You can see that the FastRelax mover is commented out (it's missing the opening <). This is exactly like this on the original mutation_script.xml file included in Rosetta.

Is this a typo or is there a reason for this? Note that I don't care so much for computation time. I want to obtain results as accurate as possible. So what is the recommended protocol here? Use FastRelax or not?

Category:

Design

Post Situation:

Unsolved

Mon, 2016-10-31 12:01

cossio

Top

Noting that uncommenting the FastRelax makes the protocol MUCH more slower.

Mon, 2016-10-31 12:57

cossio

Top

Two more questions:

1) Why is the threshold=1000 on <Ddg .../> so high?

2) I am running the demo with -nstruct 1000, to generate 1000 pdb structures. For many of them, the ddG = 0 (exactly zero!). Is this likely? I'd expect the ddG to be small, if the mutation has a negligible effect. But a value that is exactly zero seems unlikely. Is this normal?

Thu, 2016-11-03 10:00

cossio

Top

I'm guessing that the fact that the relax slows down the run tremendously is the reason why it's commented out.

Note that the relax is the very first thing in the protocol - this means that you're pre-optimizing the structure prior to the ddG calculation - the relax is not being applied during the ddG calculation proper. If you already have a decently optimized structure (e.g. if you already ran relax on the strucutre, or if it's coming from some other Rosetta protocol which does a relax), then the initial relax is likely superflous. Instead, you can get away with just repacking the structure.

The other issue is that you typically don't do a single ddG calculation - normally it's done against a number of different mutants. If you include the relax as part of the ddG script, you re-relax the structure for each independent mutations. It's much more CPU efficient to do the relax once, as a preparation step, rather than doing it for every mutation.
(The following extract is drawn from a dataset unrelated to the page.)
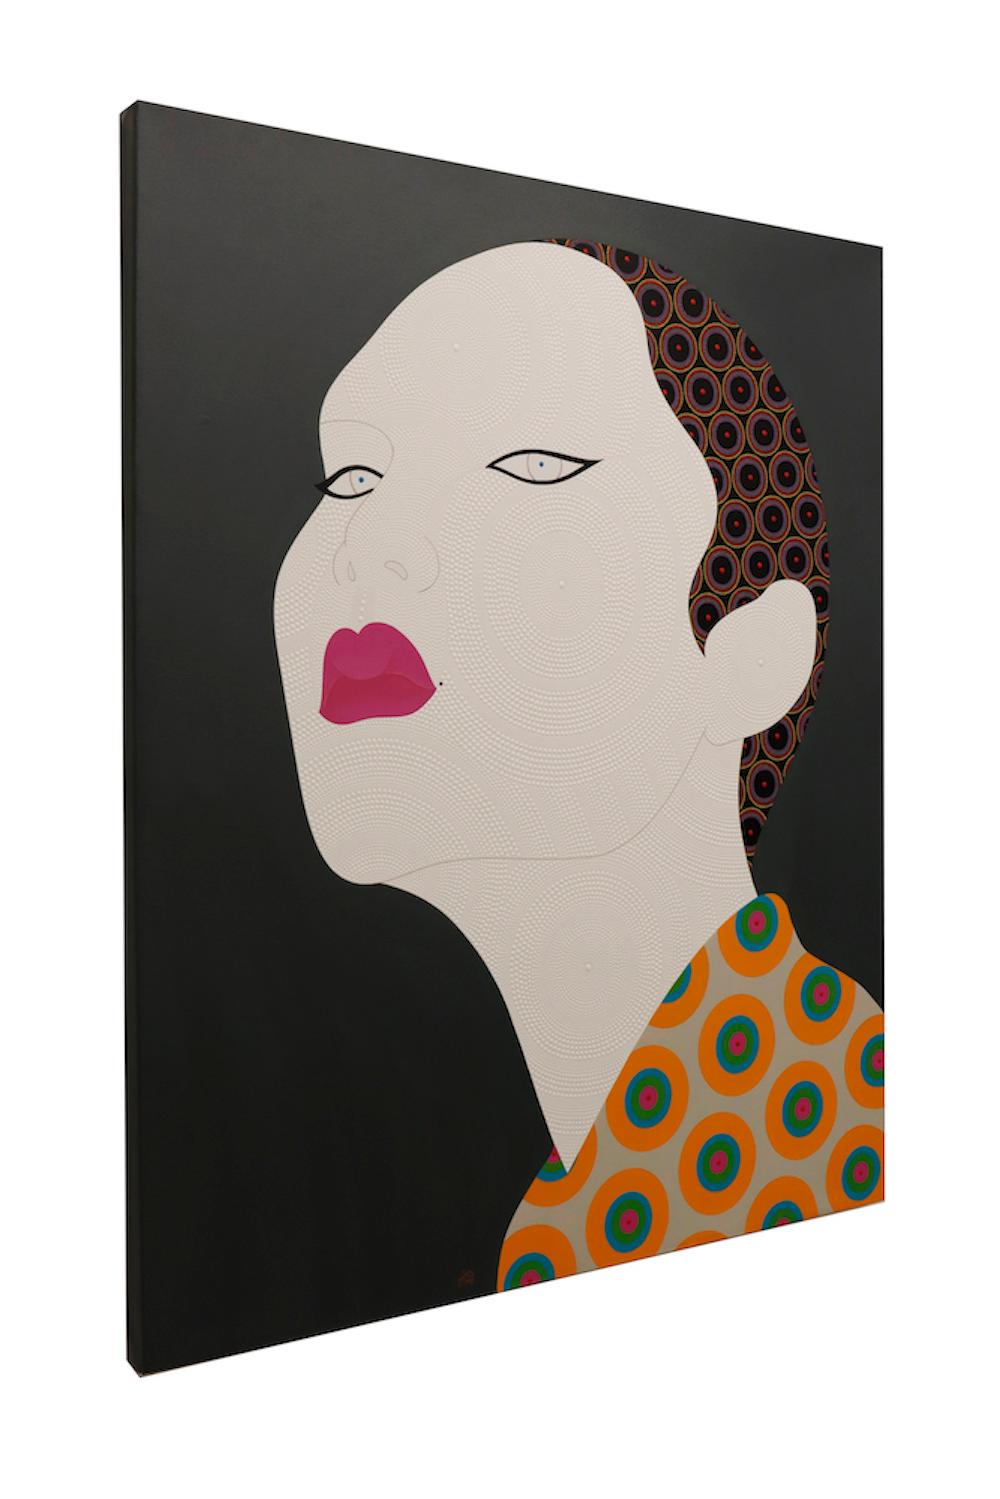 Textural free hand dot painting of woman portrait in pop style with orange bold lips, titled “Jytte

Regarding the threshold, the reason is that you don't really want the ddG filters to act as "filters" - you want to run the ddG protocol, send the results to the tracer and continue. Setting the threshold that high accomplishes that. If the threshold was lower, you might actually trigger it and stop the run prior to outputing the mutated structure. (If you set `confidence=0`, the the filters wouldn't be run at all at the point in the protocol, only being run at the very end of the protocol, both on the mutated structure.)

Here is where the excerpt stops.